When chat apps or other websites critical to getting a day’s work done experience an outage, panic sets in. Today, some teams were feeling the stress when Slack briefly had connectivity issues, and its API requests were responding with errors, making it behave slowly.
Ironically, some users were not even able to access Slack’s status page to learn what was happening with it. But, for those who could read it, this is the message they were given:
“Slack’s web servers are being overwhelmed at the moment and we’re working to restore full capacity and get everyone back to using Slack. API requests may respond in error and chat may behave quite slowly in the meantime.”
According to Greg Brail, chief architect at Apigee, an API-management platform, if Slack were having capacity problems, that could mean multiple things.
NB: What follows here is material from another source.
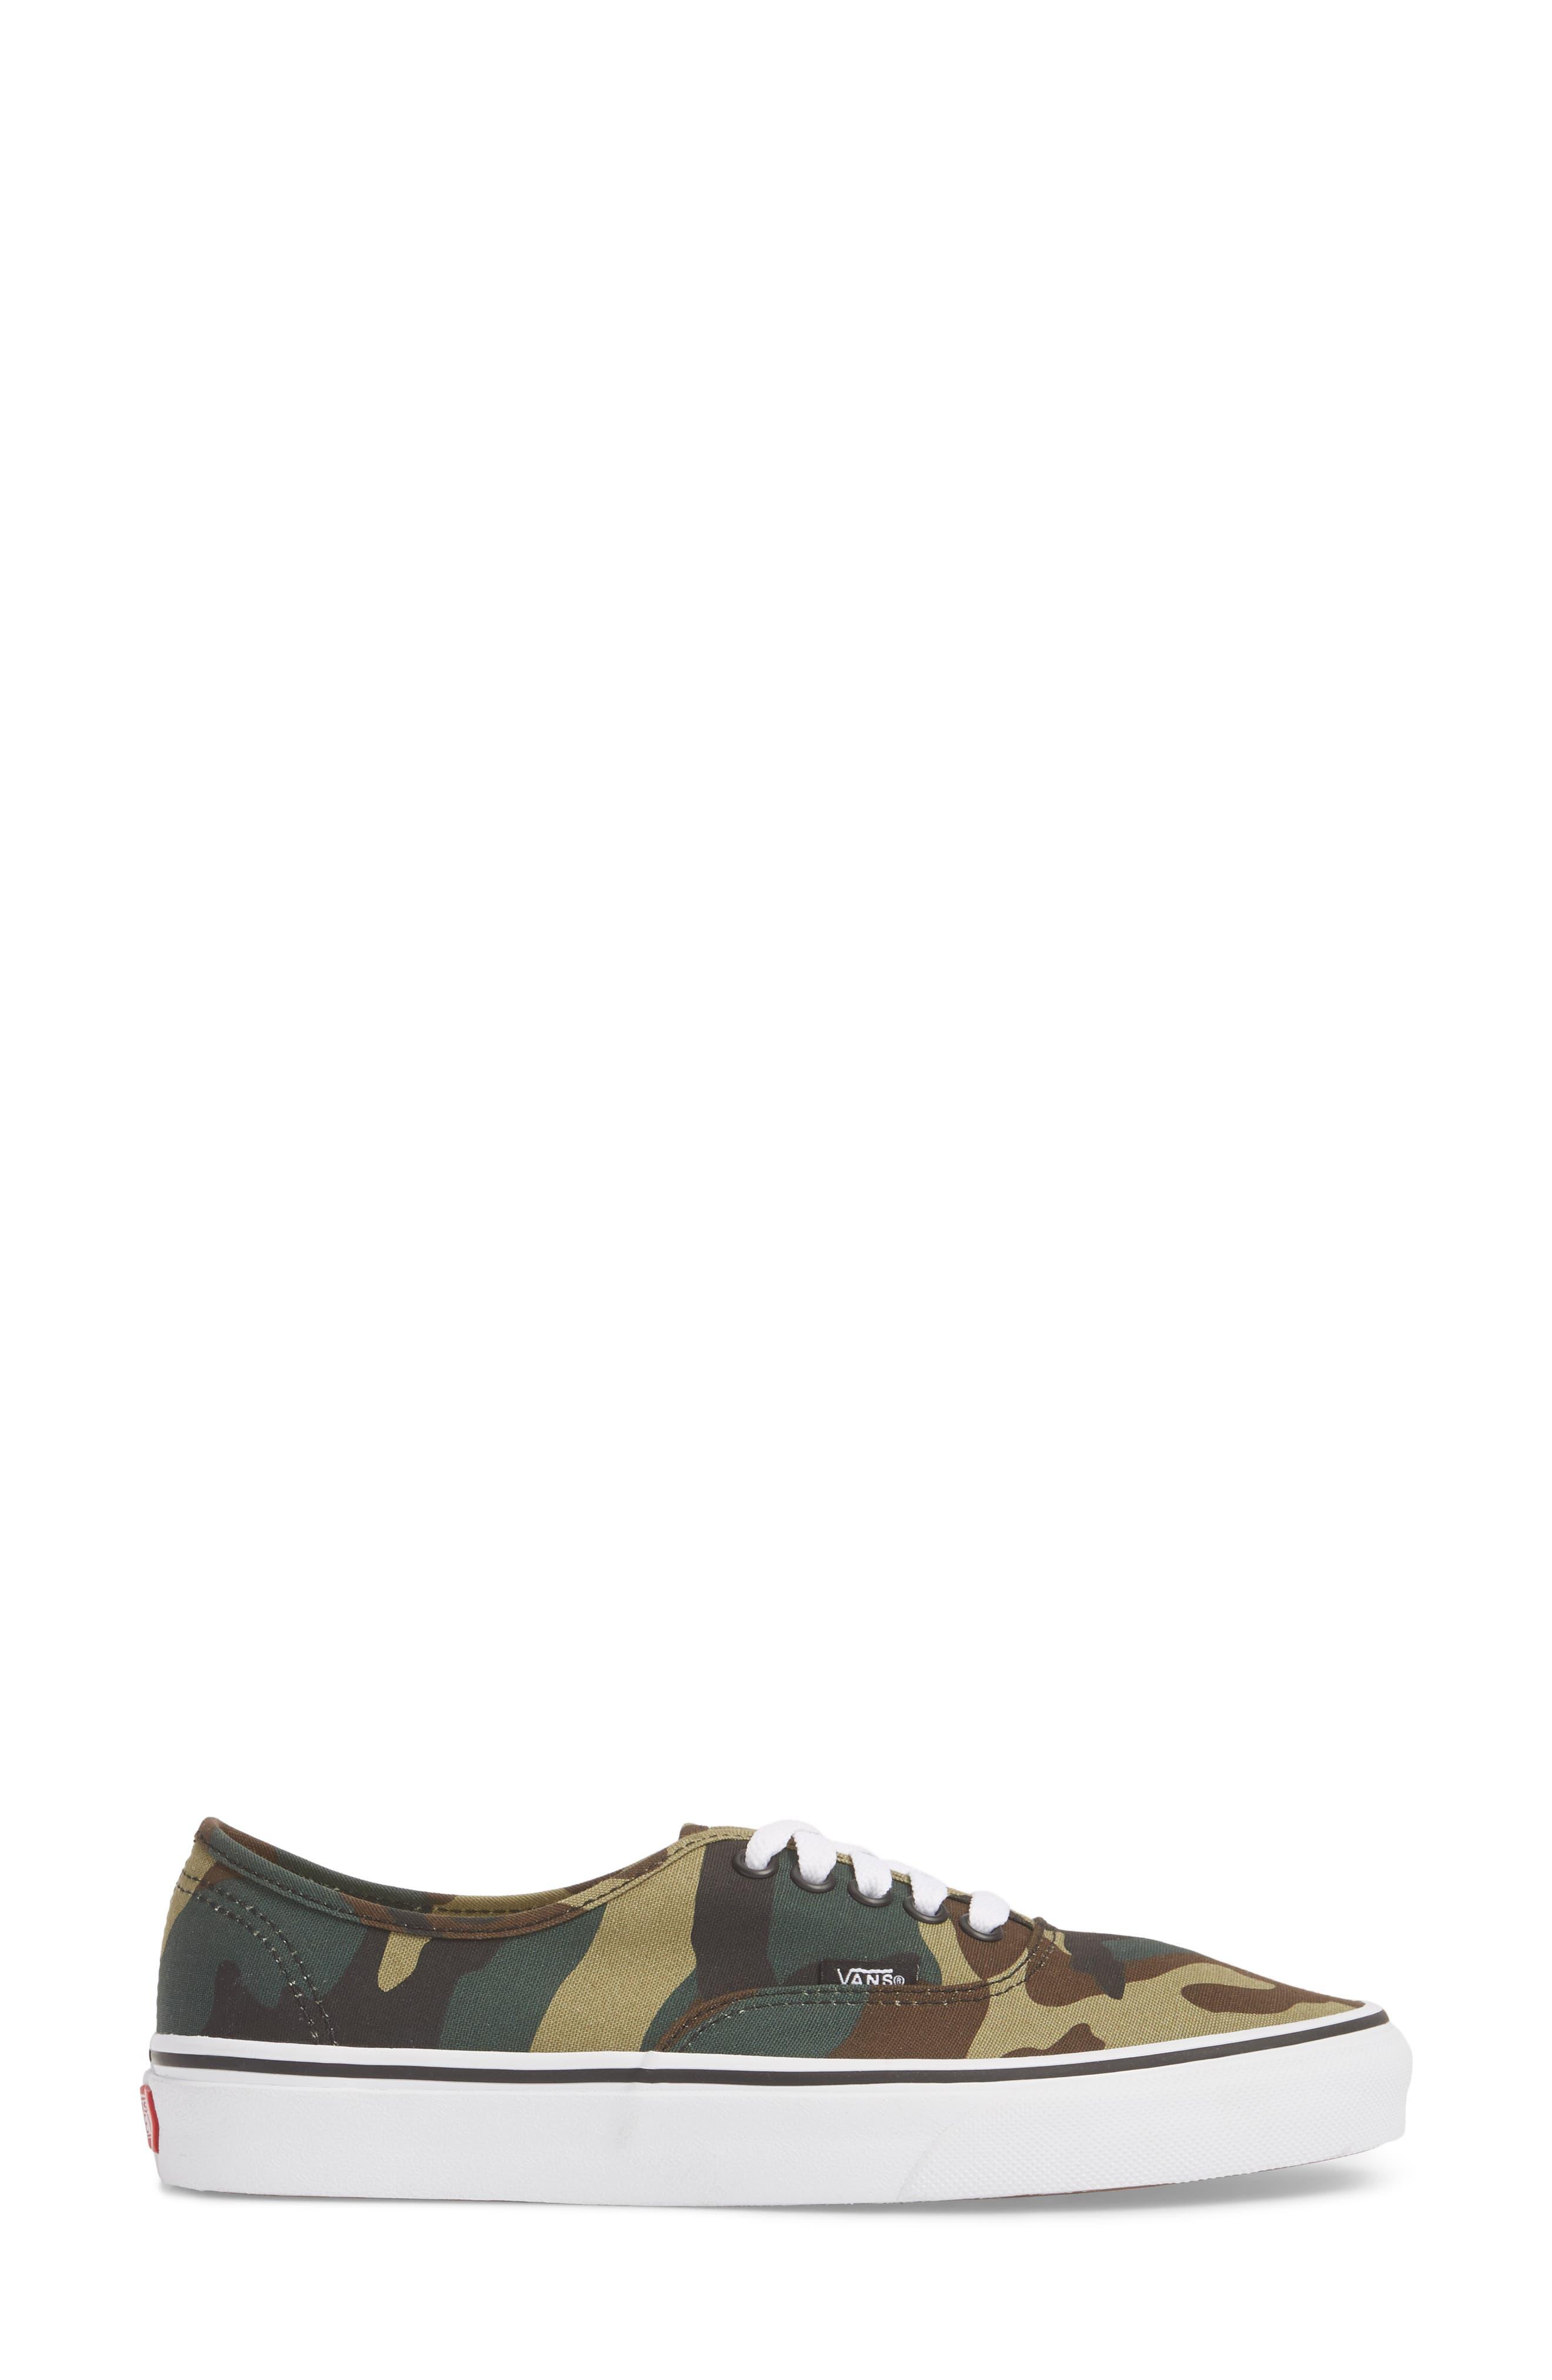 ,                             'Authentic' Sneaker,                             Alternate thumbnail 273, color,                             305

Possible issues could be a database is overloaded, or it may just mean there is a bottleneck in its technology stack.
(Related: Why you should keep your ear to ChatOps)
“The thing about the Internet is there is no in-house load testing environment that is going to simulate exactly what happens on the Internet, so all of these companies have to learn the hard why that getting something to run reliably at scale on the Internet is hard work,” said Brail.
Since Slack has an API that is used by third-party apps, that means it’s important to have visibility into what’s going on, especially when a capacity problem breaks out. Brail said that when this happens, teams need to ask themselves what actually caused this problem.
“It’s important that you have visibility into which app, which developer, which version of the app, which platform is driving the traffic,” he said. “One of the questions you can ask yourself [is] what changed? Is it just that my business has changed? Or has some app [had] a new version pushed out, and maybe that new version of the app is causing the problem?”
Even though the public doesn’t know exactly what went wrong under the hood, it shines a light on the fact that businesses rely on APIS, and when there are issues (even briefly), they could have a huge impact on users, according to Brail.
For other companies that want to make sure they can handle the API traffic, he said having an API-management platform in place allows teams to understand the traffic per application and how to control it.
“Everybody makes mistakes and has problems scaling, and anyone that thinks they are immune is not running a high-volume service on the Internet,” said Brail. “But what we learned from the world of API management is that you need to have a mechanism in place so you have visibility into which applications are using the API, and how much volume is coming in.”
And, it helps to have a status page that is not hosted on the same place as your web server.